The family which throughout this period most obviously dominated the Minehead elections were not the Luttrells but the Pophams. This was rather surprising as the Pophams’ Somerset estates were mostly located in the far north of the county. Their success, certainly at first, was in fact a case of indirect Luttrell influence. Thomas Luttrell’s mother was a Popham and the Popham candidate in the first of the 1640 elections was his brother-in-law Alexander*. At the outset, Alexander Popham had an eye on one of the two county seats and he also took the precaution of standing for Bath.
None of the three candidates who had stood in the Short Parliament election did so the following October. The Wyndhams were conspicuous by their absence; Francis seems to have made no attempt to seek re-election and Edmund again preferred to stand for Bridgwater. Ducke probably declined to stand anywhere, while Popham relied on Bath a second time. Popham’s place was therefore taken by his father, Sir Francis Popham*, Thomas Luttrell’s father-in-law. Luttrell’s influence was also evident in the choice for the other seat, his son and heir, Alexander*.
By then the country was descending into civil war. In the vicinity of Minehead, that war primarily took the form of attempts by both sides to gain control of Dunster Castle. In September 1642 and January 1643 royalist forces tried to do so without success.

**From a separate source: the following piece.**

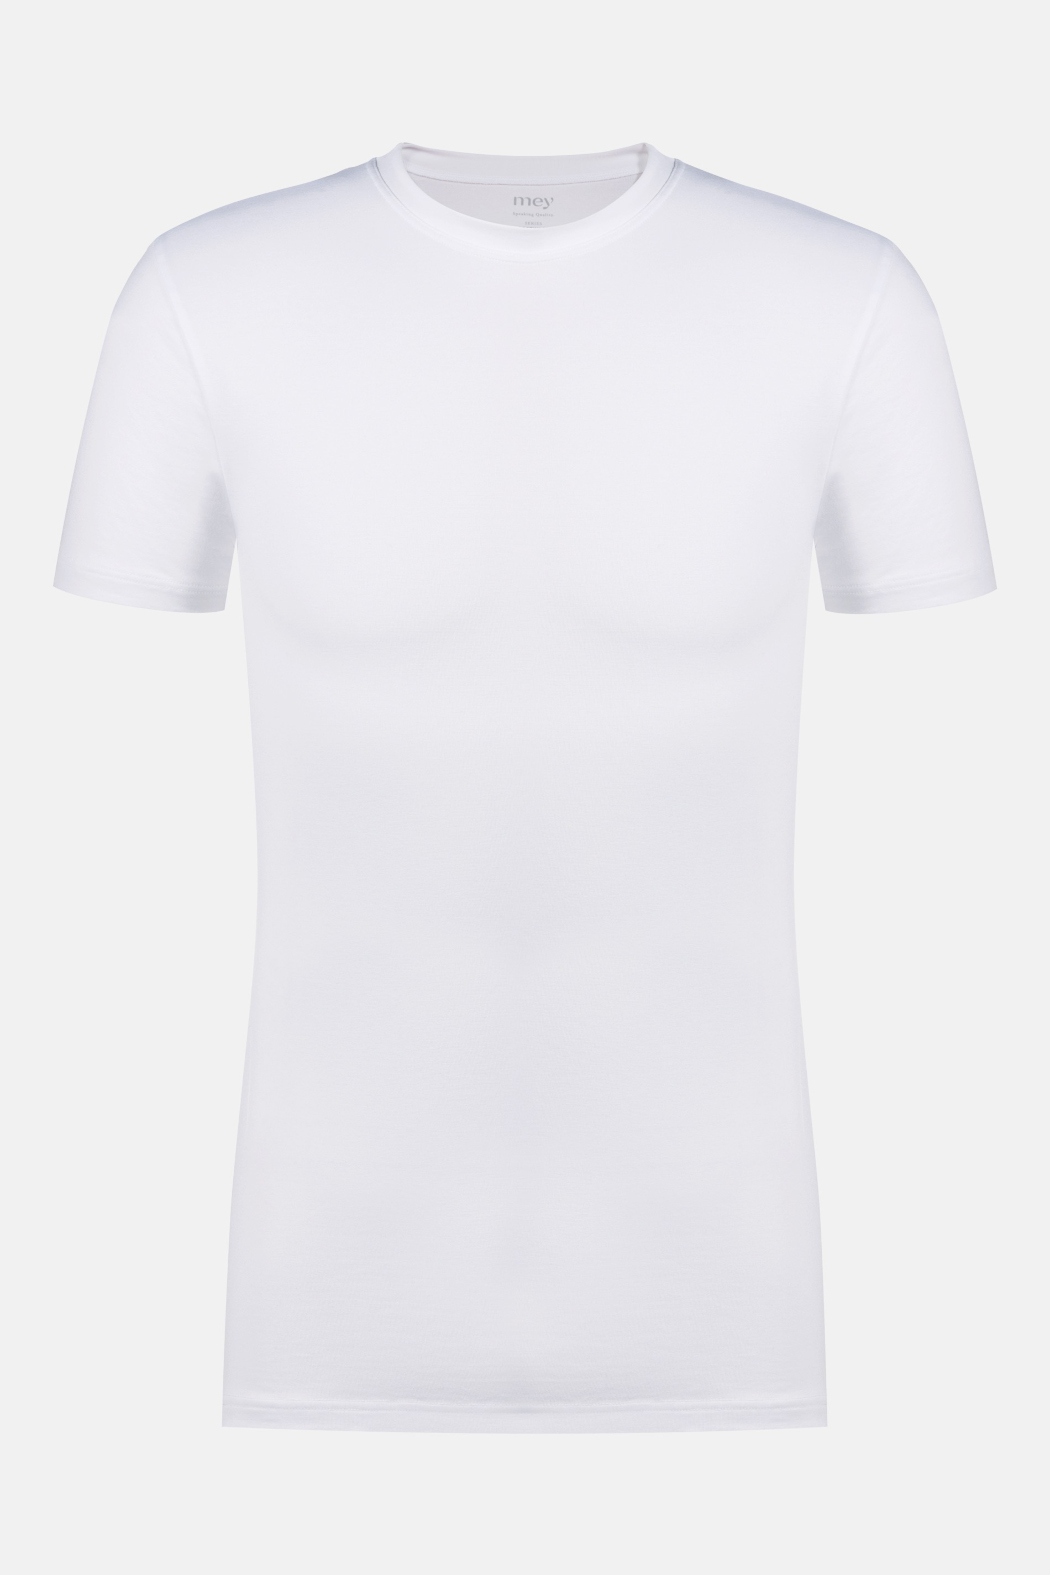 Mey Serie Software Herren Olympia-Shirt

This new election was necessary because both seats had become vacant. Hanham had weakly pursued a course of near-neutrality during the war, but at some unknown point, quite possibly after he had attended the Oxford Parliament, he had been expelled from the Commons.
Minehead was too insignificant a town to retain either of its parliamentary seats under the 1653 Instrument of Government.

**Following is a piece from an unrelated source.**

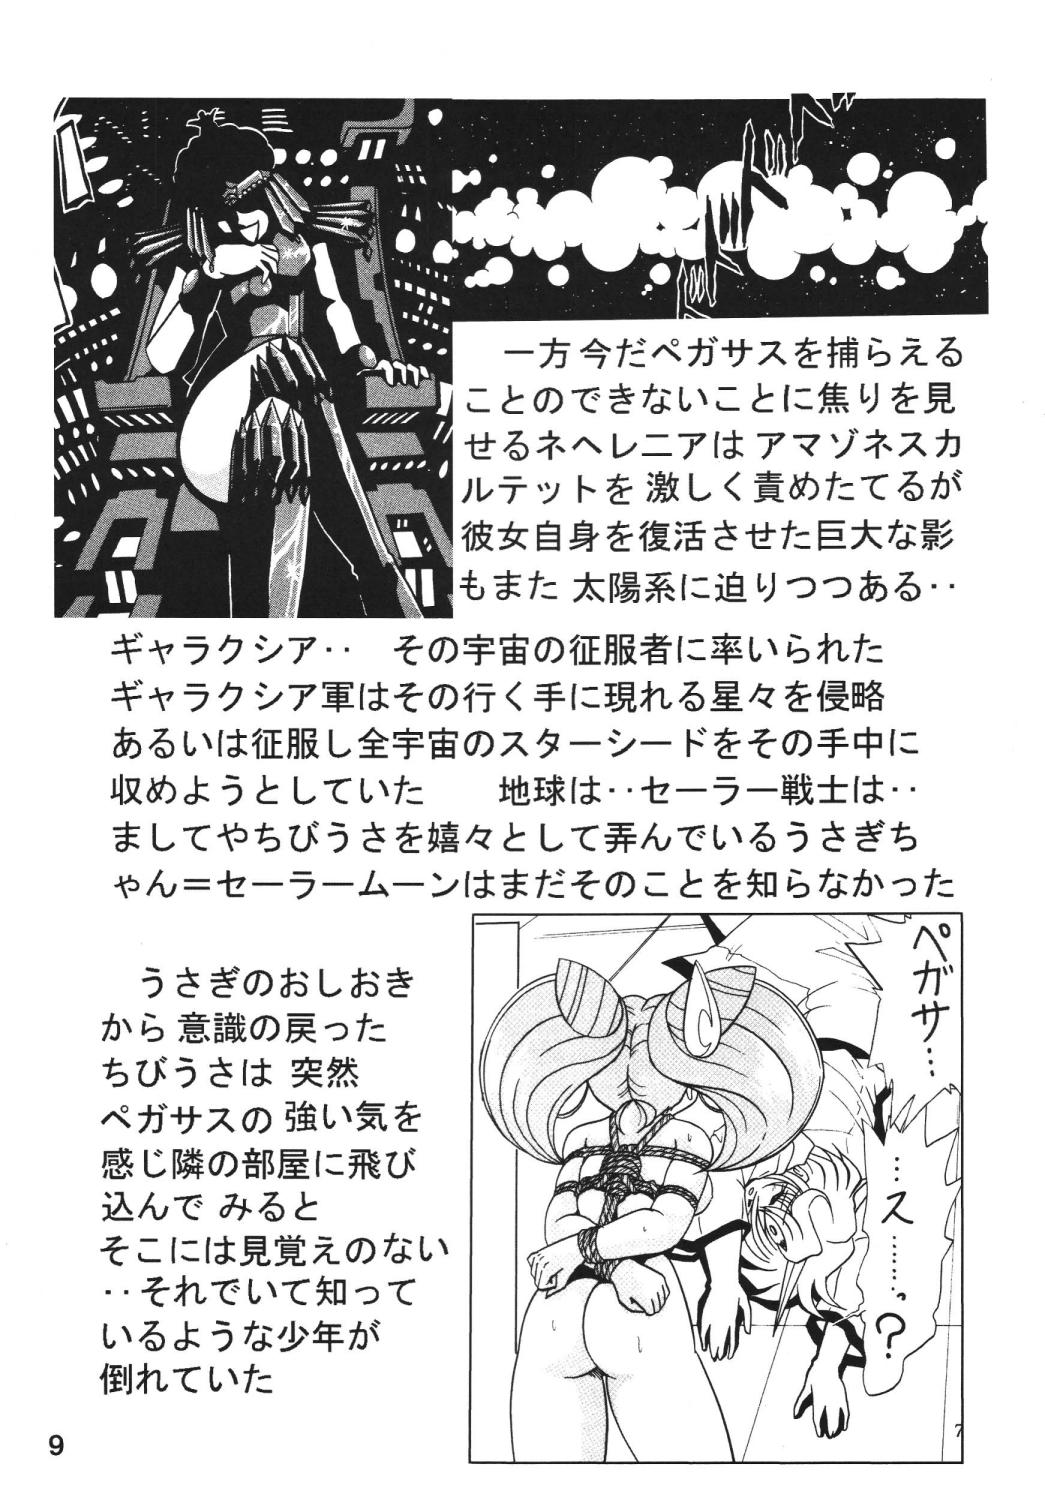 Assfingering Silent Saturn SS vol. 7 - Sailor moon Couple Sex - Page 8

Over time the earlier hostility between the Luttrells and the town had visibly declined. The decades after the Restoration saw a more consistent pattern of Luttrell influence over its parliamentary elections than previously. In 1660 Francis Luttrell secured the return of himself and of his kinsman, Charles Pym*, and from then until 1708 Luttrell or his sons, Francis† and Alexander†, invariably gained one of the seats.